High School Text Presents Biased Portrait of Conflict
In light of the recent series in the Jewish Exponent about the content of American educational materials about Islam and the Middle East ("Islam and Education," Oct. 27, Nov. 3 and Nov. 10), we thought your readers would be interested in an analysis of a current text by two retired social-studies teachers:
World History: Patterns of Interaction by Roger Bock, Linda Black, Larry S. Krieger, Phillip Naylor and Dahia Ibo Shabaka was used in all world-history classes in the Philadelphia public high schools in the 2004-05 academic year.
Generally speaking, the students are presented with a pro-Arab position pretending to be evenhanded. They are asked to come up with solutions that seasoned diplomats have yet to realize.
The text fails to give the Israeli position from a long-term historical vantage. Israel's legitimacy is also questioned. The recognition by both the League of Nations and then the United Nations is overshadowed by the use of the term "seized" to describe Israeli actions, and the use of terms such as "Palestine" and "Palestinians" as historic entities, despite the fact that use of these terms is only a recent development.

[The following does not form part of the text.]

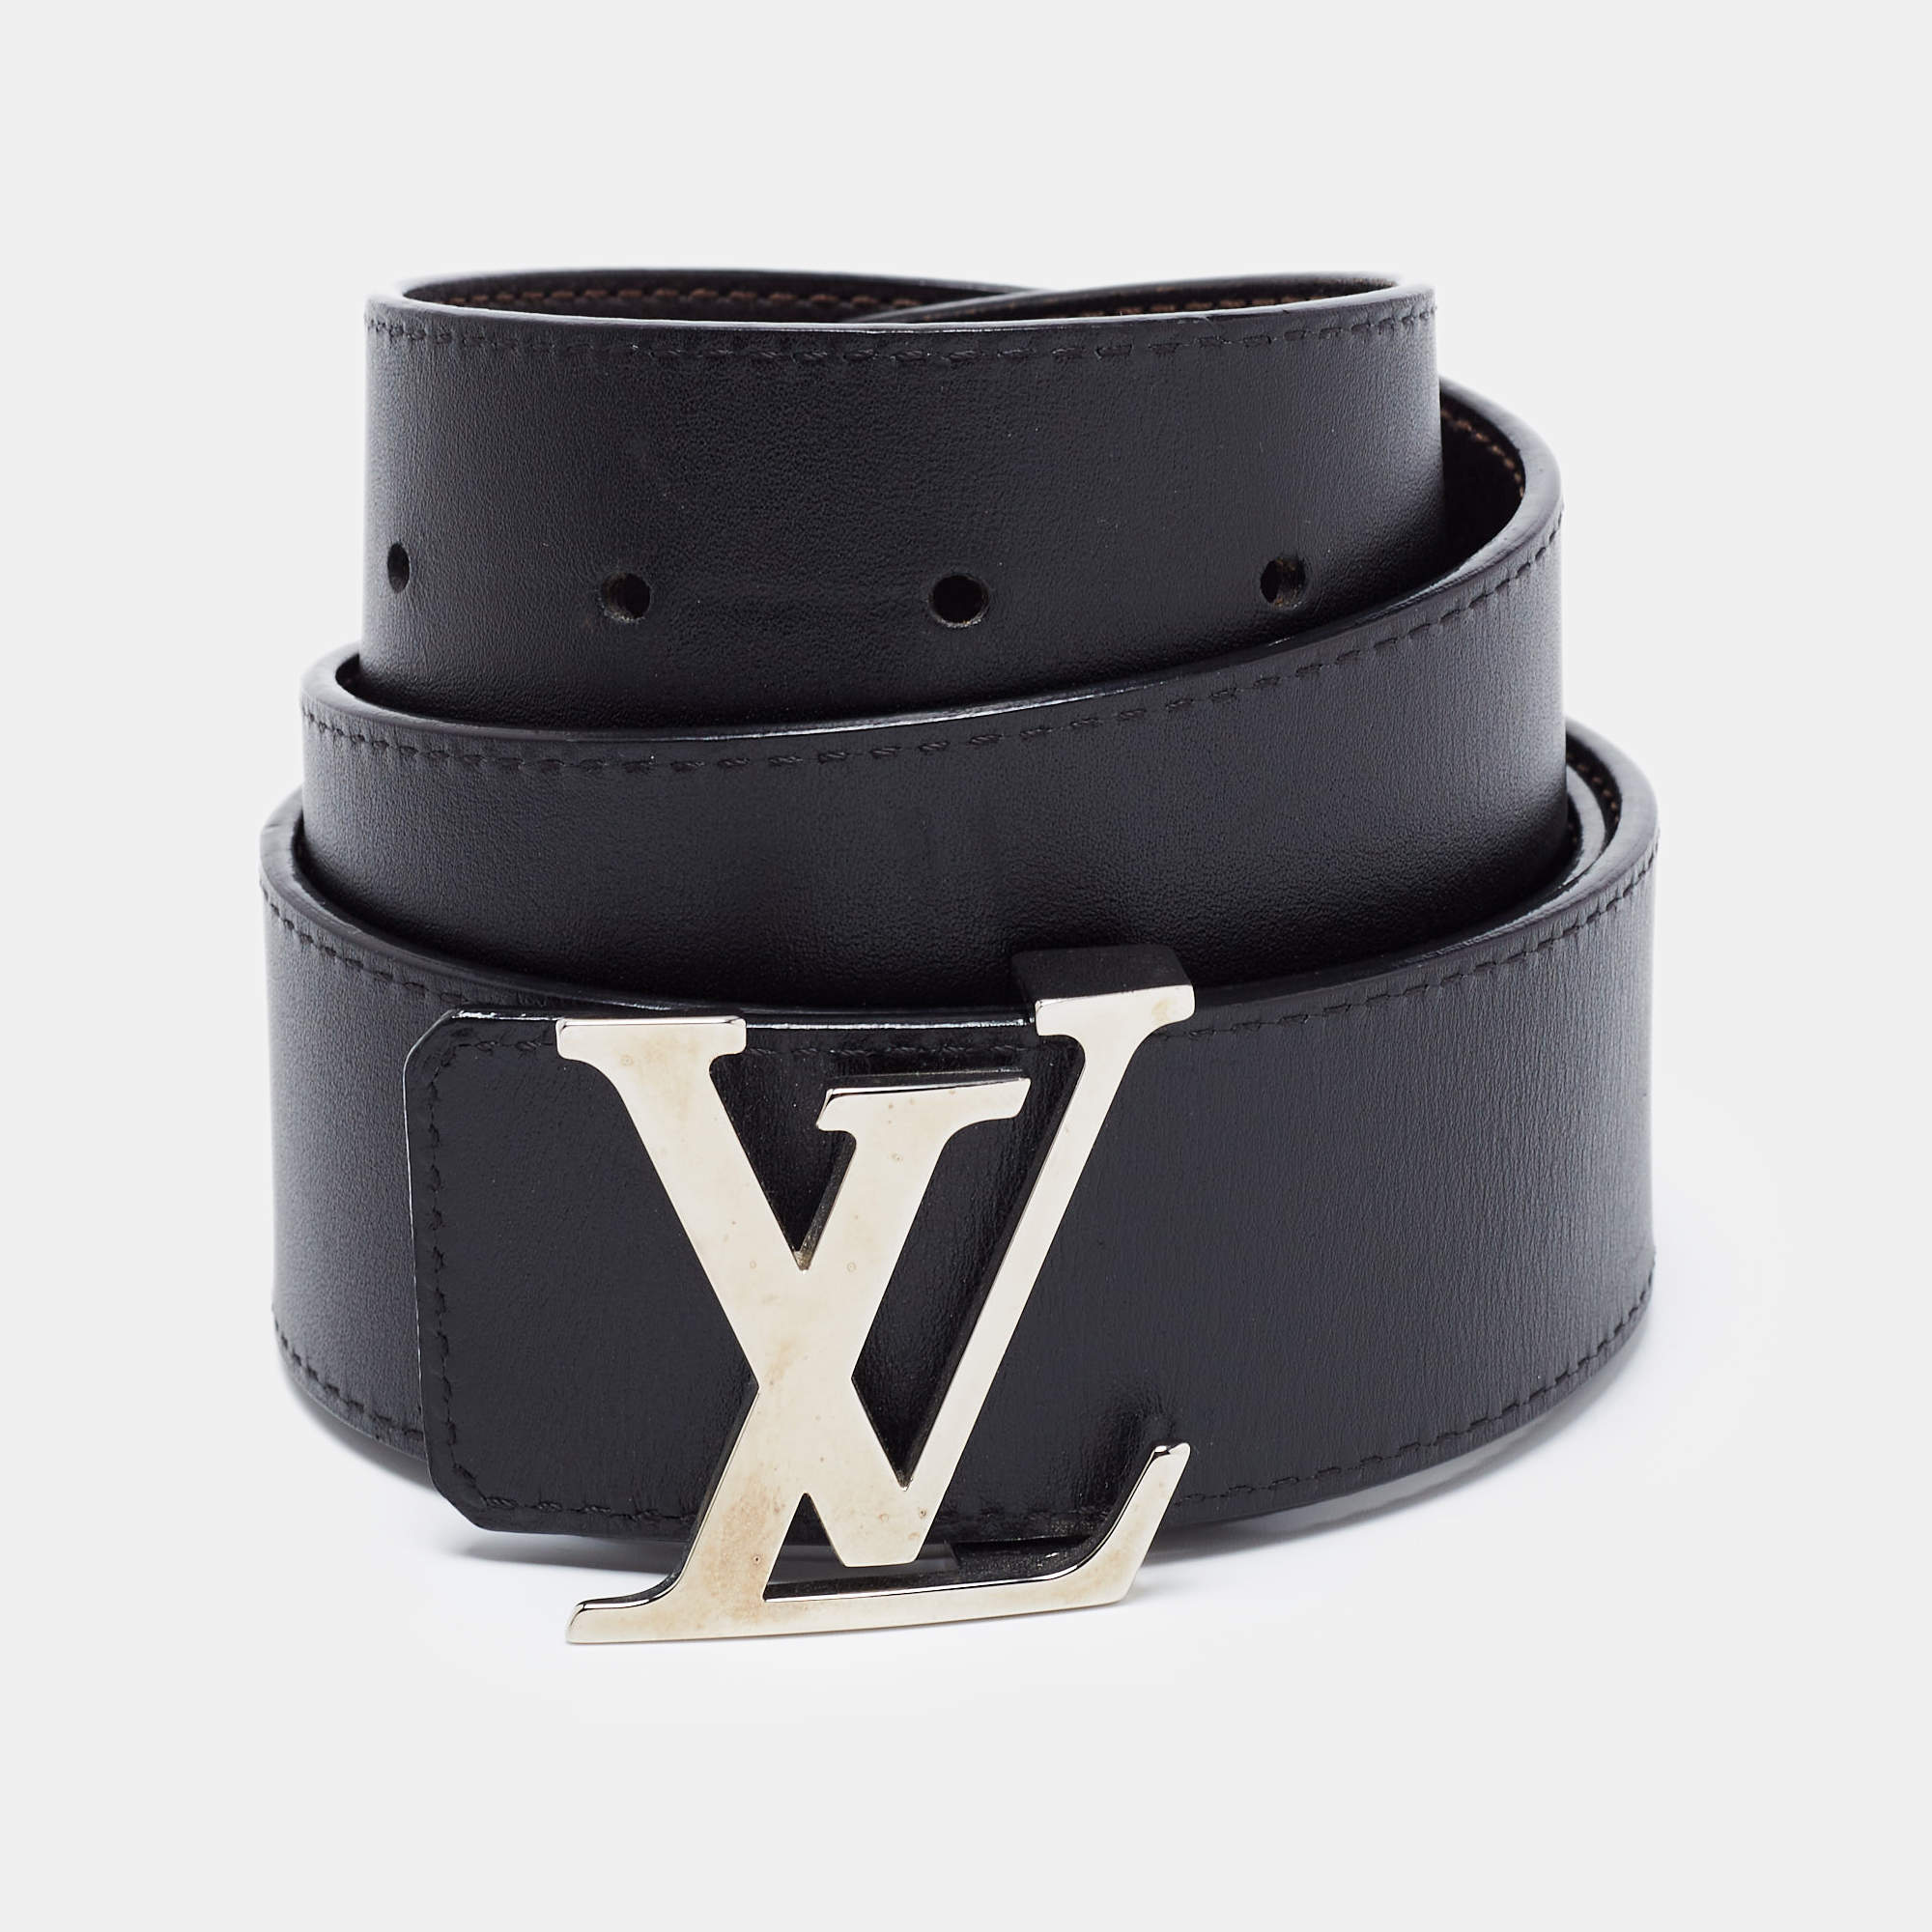 Louis Vuitton LV Duo 18mm Reversible Belt Brown + Calf Leather. Size 90 cm

The maps don't show Israel in relation to the entire Middle East and Arab world. And the Palestinians are pictured as having a struggle for a homeland that the Israelis refuse to concede when repeated offers have been made - and rejected - since 1936.

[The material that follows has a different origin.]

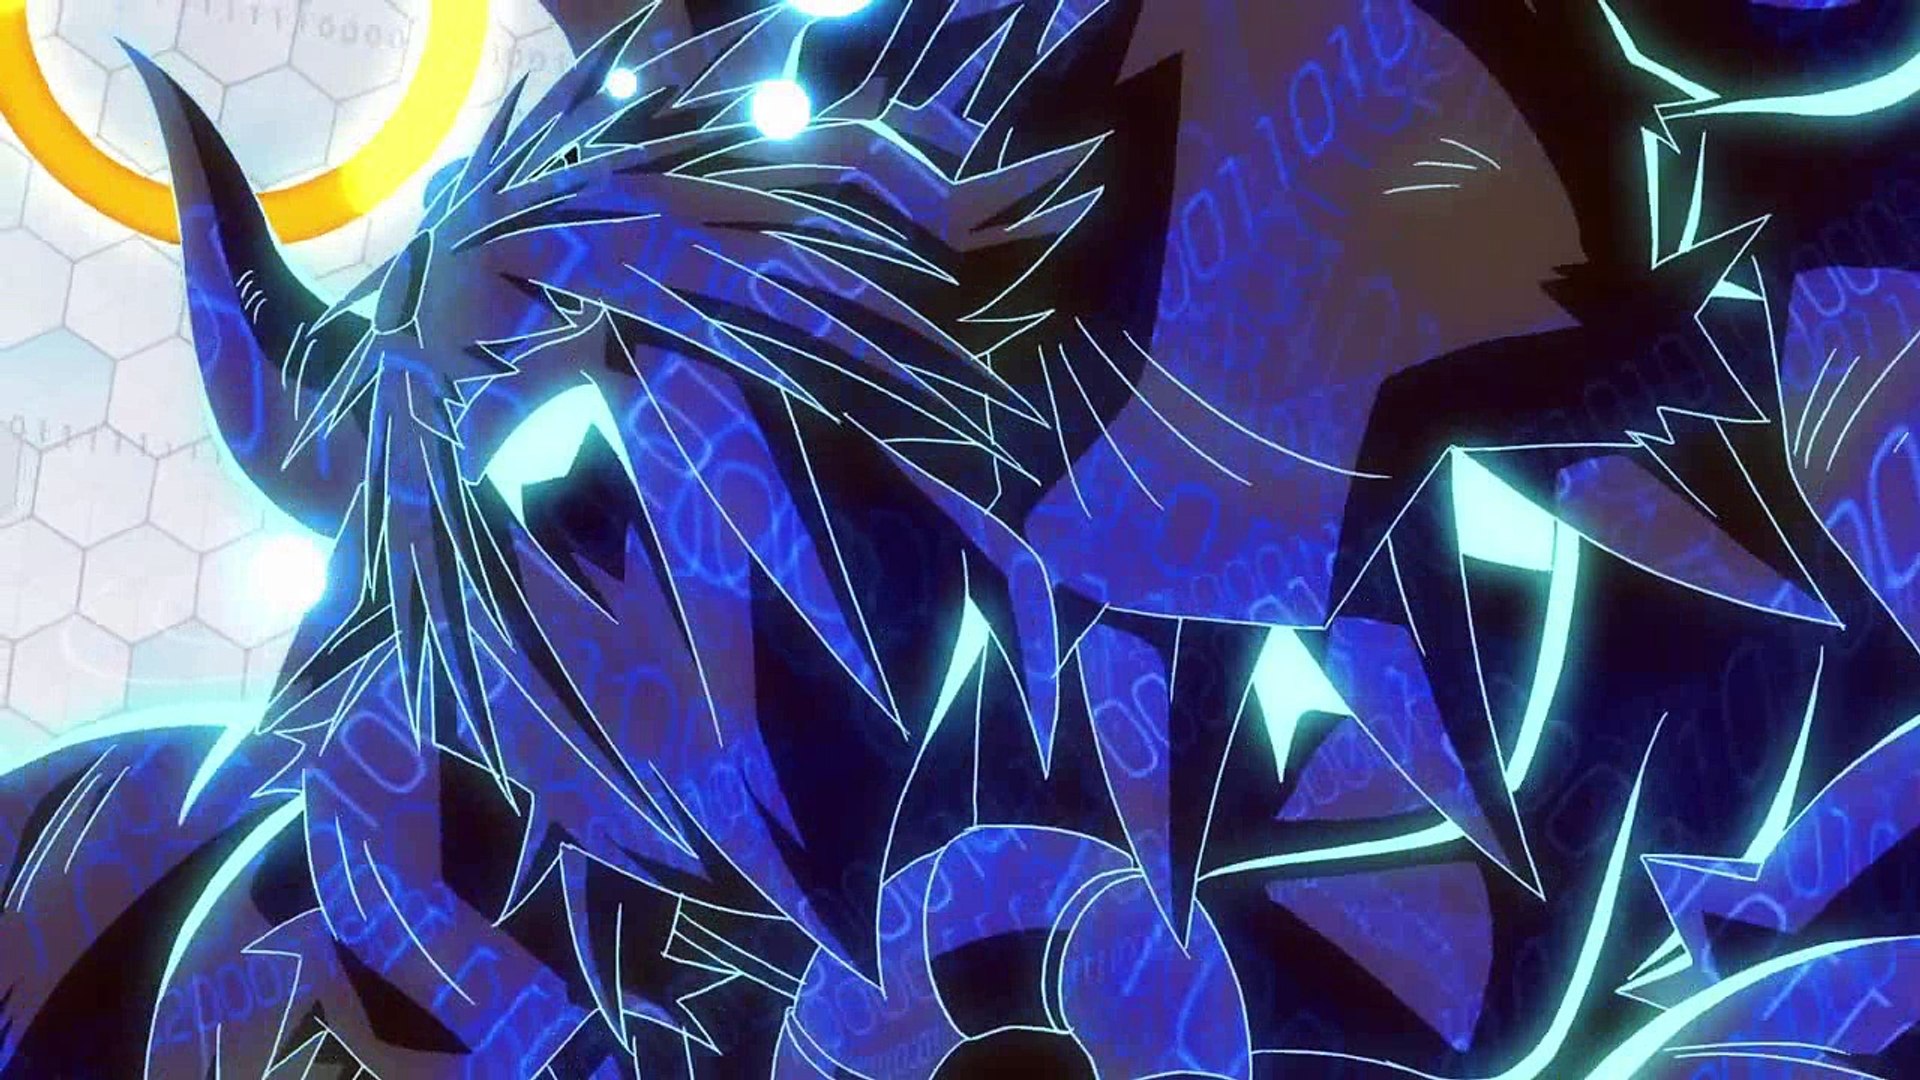 Esto sera canon en Digimon Adventure Tri: Determinación!

Rabbis: Strive to Include, Not Polarize, Congregants
I wish to respond to your Nov. 10 cover story, "Politics and the Pulpit: Perfect Fit or Pure Folly?"
I was deeply distressed to read that some members of Congregation Adath Jeshurun in Elkins Park have chosen to leave that synagogue because of its rabbi's sermonizing.
I read frequently in this newspaper of the grave concerns our community leaders have regarding the ever-lowering number of Jewish families that belong to a synagogue.
Rabbis and synagogue leaders should be striving to make their synagogues places where all Jewish people, regardless of their political or social beliefs, feel comfortable.
For a rabbi to promote his own political and/or social views to such a level that congregants feel alienated is a disservice to the synagogue.
It also severely damages the Jewish community as a whole.
Keep Watch, Be Careful: Predators on the Loose
Rabbi David Kaye is the newest member of a notorious group of rabbis, cantors and teachers who have violated the principles of their faith, exploited the confidence of their students and betrayed trust of their communities (Nation & World: "Rabbi Resigns After NBC Links Him to Internet Sex Sting," Nov. 17).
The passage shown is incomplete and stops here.